## Instructions to follow
Transcribe the whole listing below without changing a word, but leave out every image.

## Source material
----
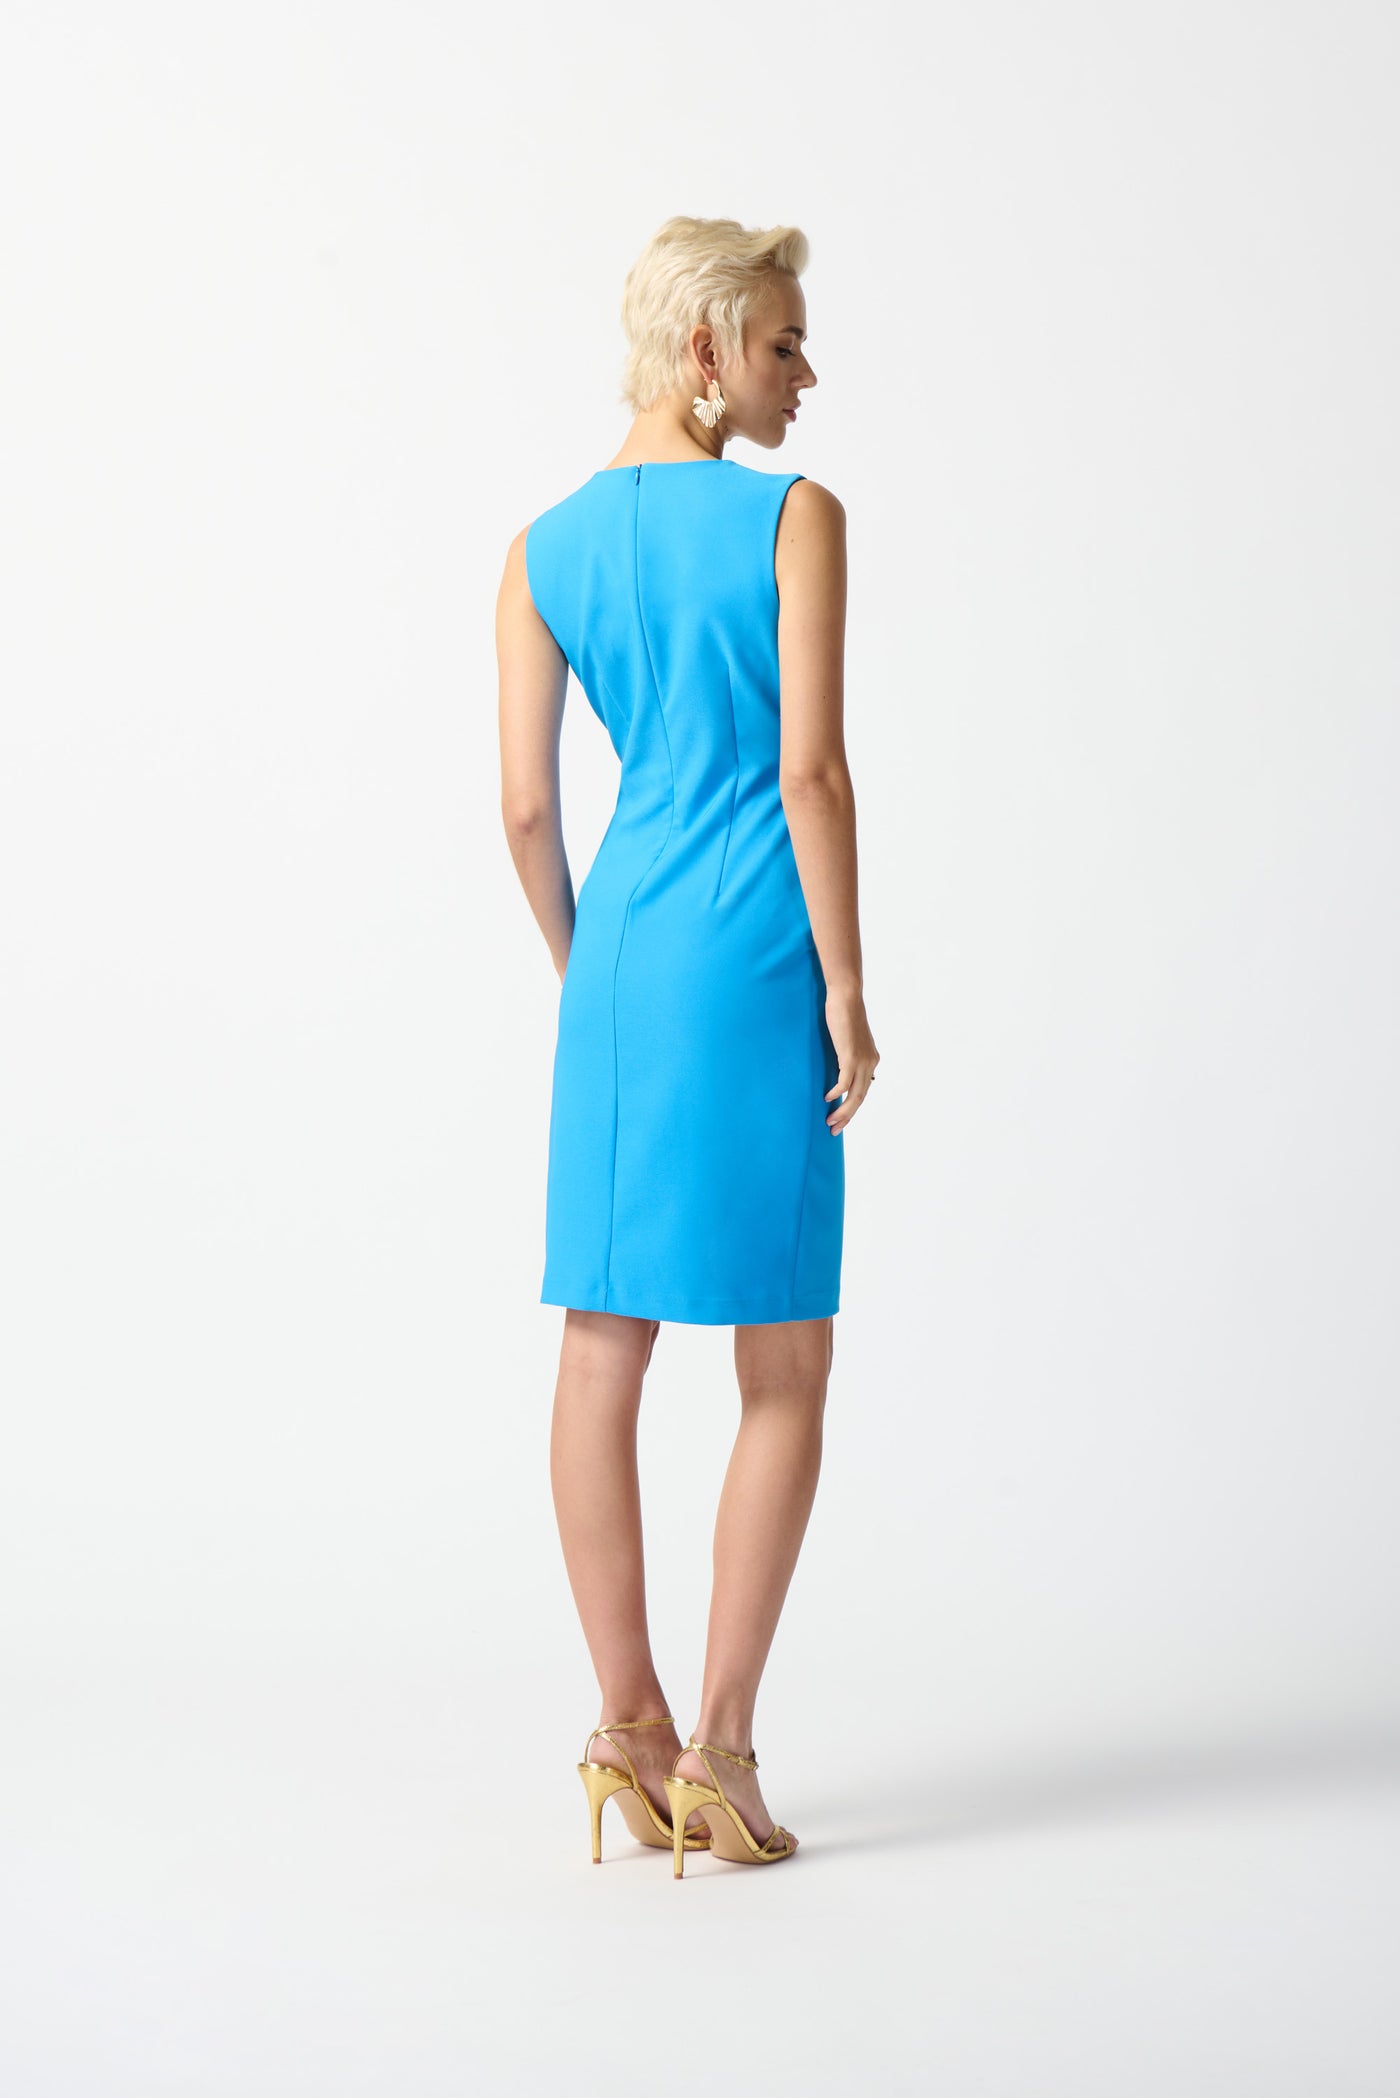 Casablanca Lux Twill Sheath Dress - French Blue Dress 242151
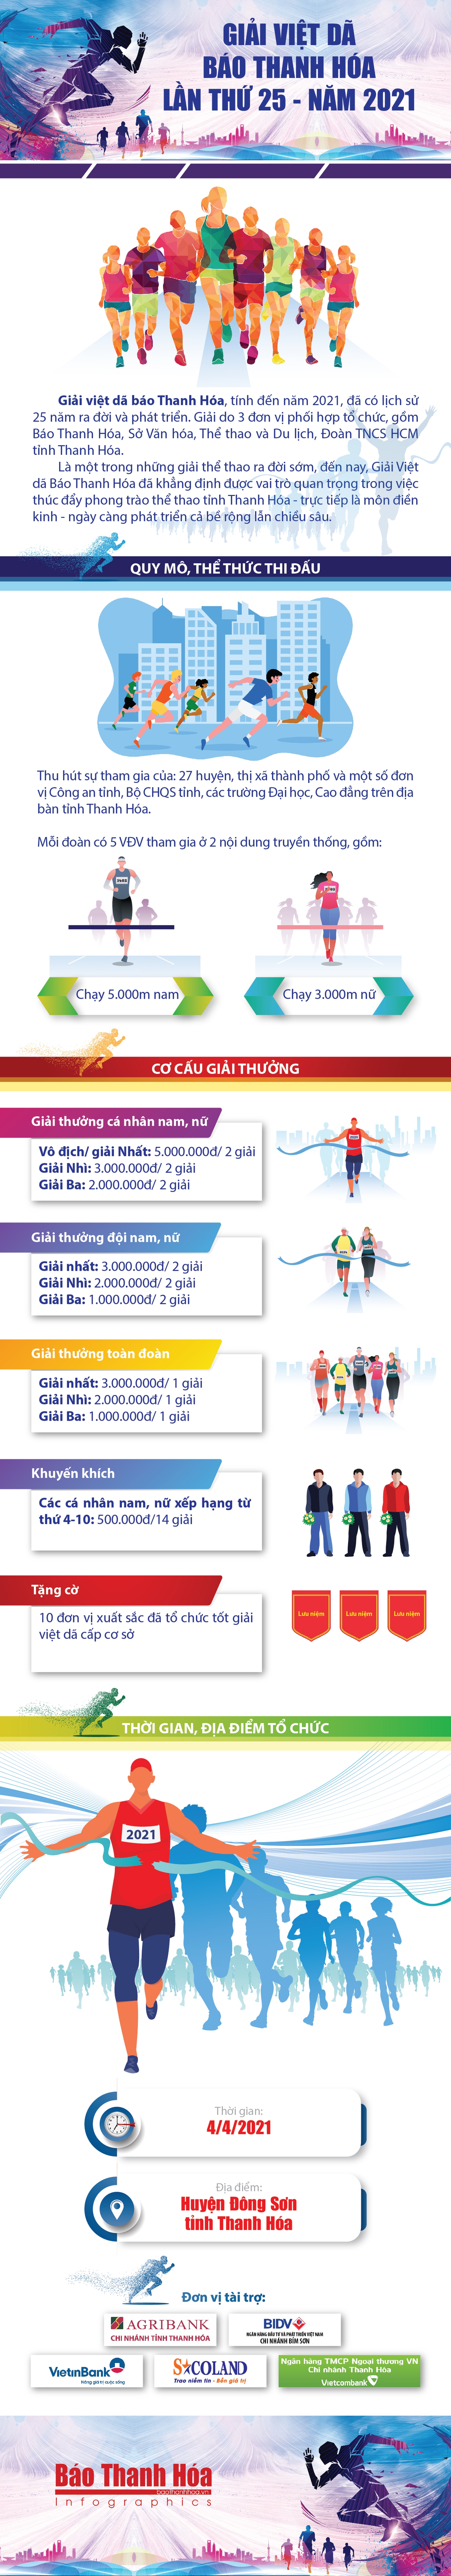 [Infographic] - Giải việt dã Báo Thanh Hóa năm 2021
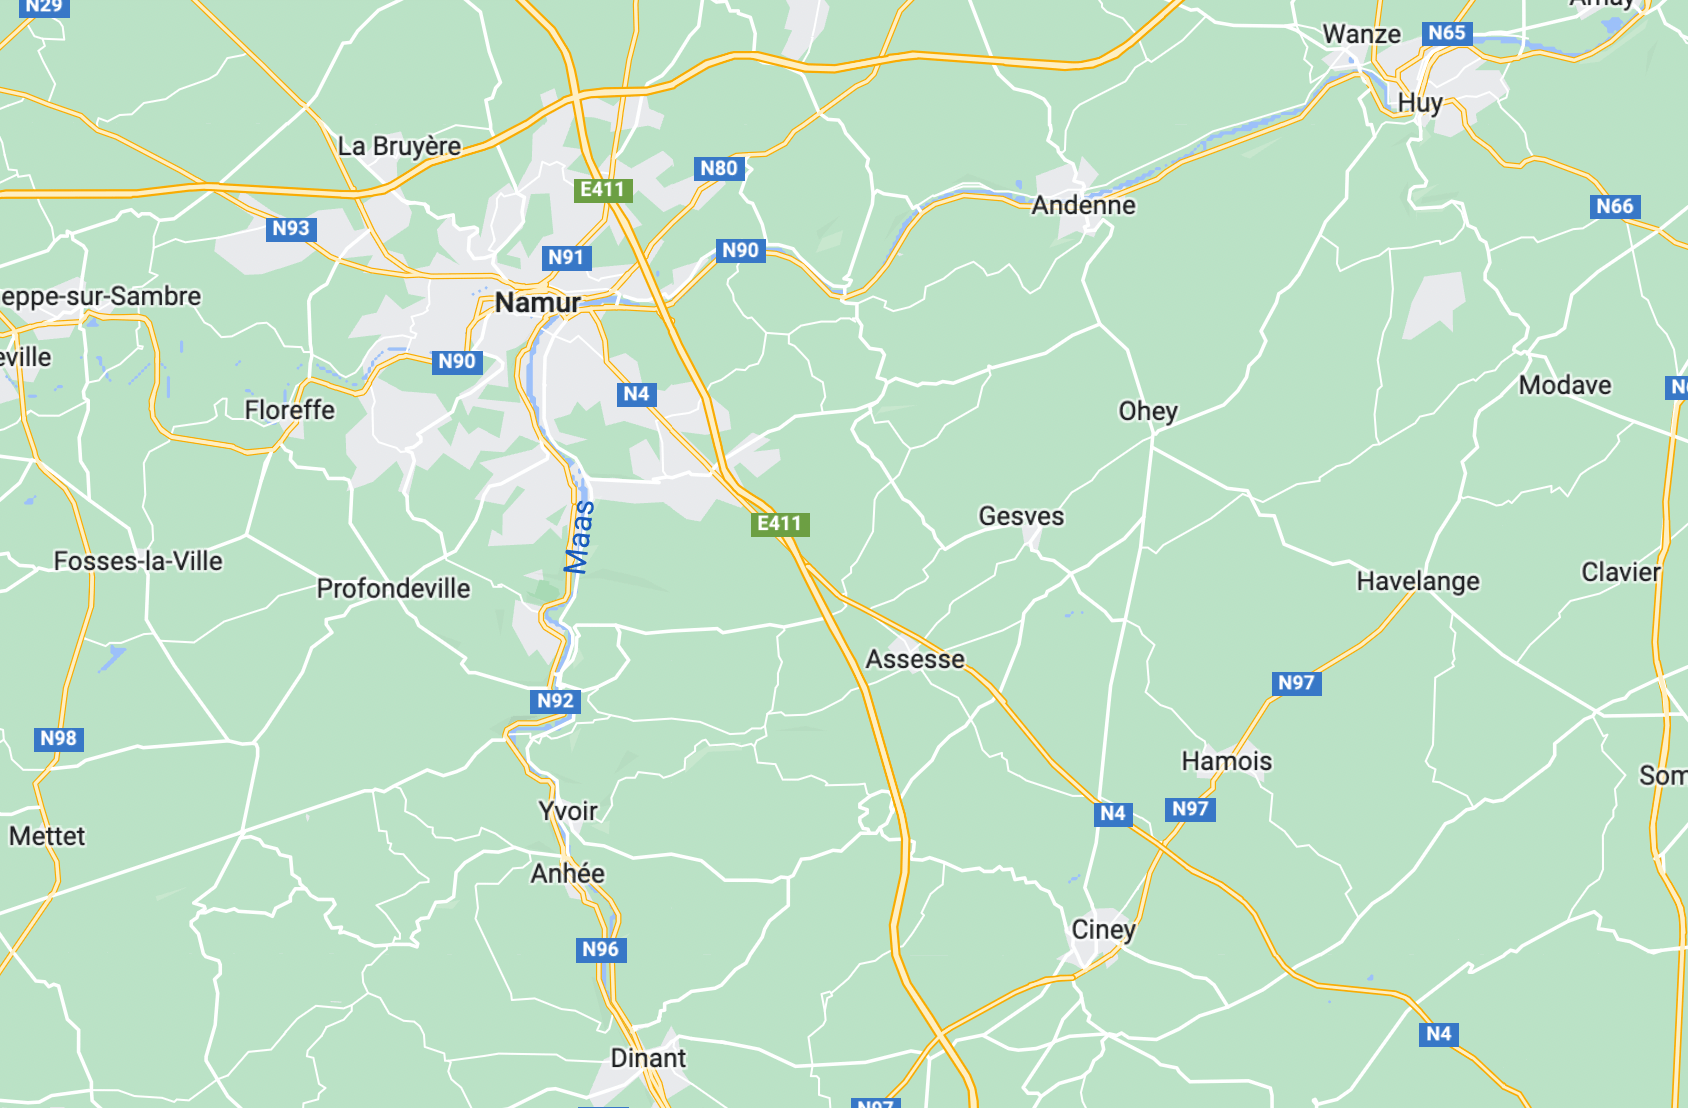 Kartenansicht von Belgischer Namur Region rund um den Fluss Maas, in welcher die Pommes Frites erfunden wurde
----
## Answer to this exercise
 Casablanca Lux Twill Sheath Dress - French Blue Dress 242151
 [Infographic] - Giải việt dã Báo Thanh Hóa năm 2021
 Kartenansicht von Belgischer Namur Region rund um den Fluss Maas, in welcher die Pommes Frites erfunden wurde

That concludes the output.